Eppure tutto questo girovagare non lo ha distolto dal suo grande amore per la Louisiana ed il Texas, che poi, guarda caso, sono i due Stati in cui vengono ambientati i cicli di avventure dei suoi due personaggi di maggior successo, quelli che gli hanno permesso di scalare le classifiche di mezzo mondo e di vincere ben due Edgar Awards.

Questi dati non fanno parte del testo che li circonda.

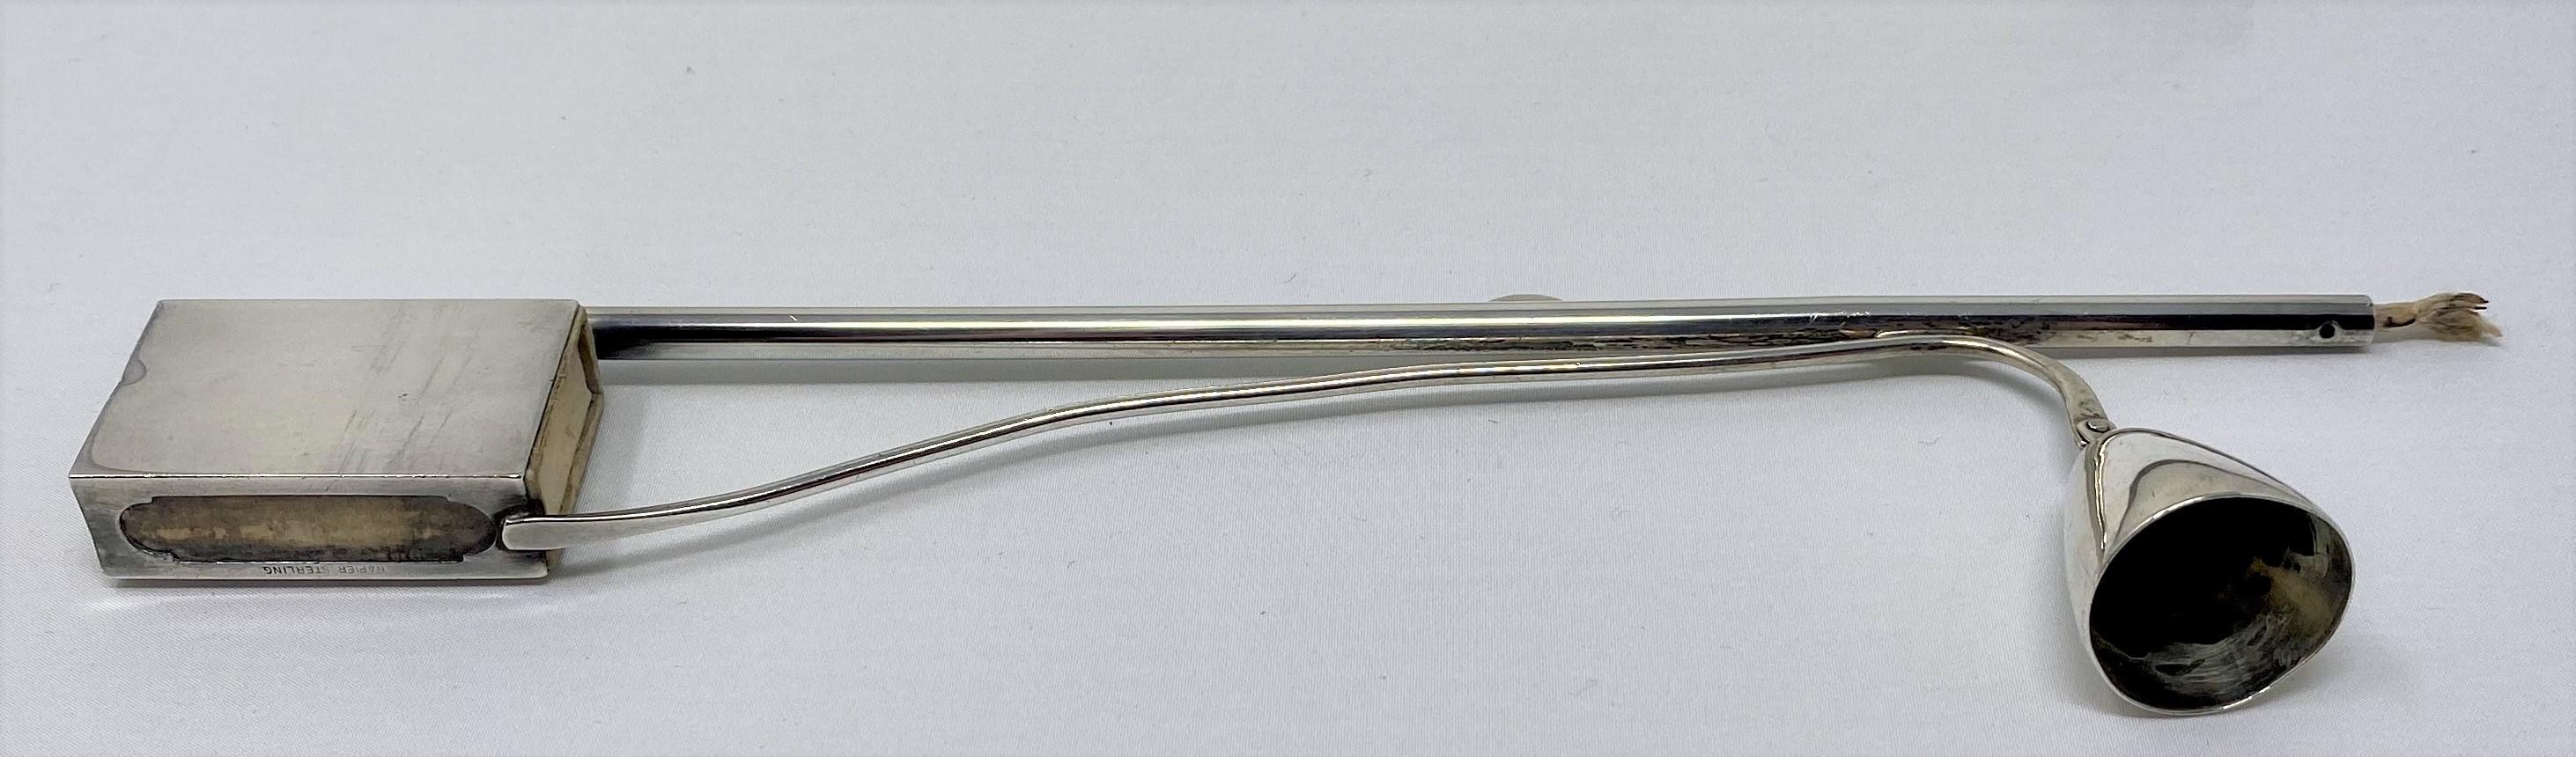 Rare antique American silver plate candle snuffer, lighter and matchbox holder, circa 1910.

Parliamo naturalmente del detective cajun Dave Robicheaux e l’avvocato texano Billy Bob Holland. Autore superbo, definito da Jonathan Kellerman “il Faulkner della Crime Fiction”, ma i riferimenti possibili sarebbero infiniti, da Flannery O’Connor a Erskine Caldwell tanto per nominarne un paio, James Lee Burke è uno di quegli scrittori in grado di rivoluzionare il concetto di noir, riuscendo a fondere i tratti caratteristici del genere con il lirismo vibrante della letteratura del sud. Infatti, anche a causa del suo vissuto, Burke è, a dispetto delle etichette e delle categorie di scrittore di noir doc pure certamente utili sotto il profilo divulgativo-informativo, anche e soprattutto autore di romanzi sociali.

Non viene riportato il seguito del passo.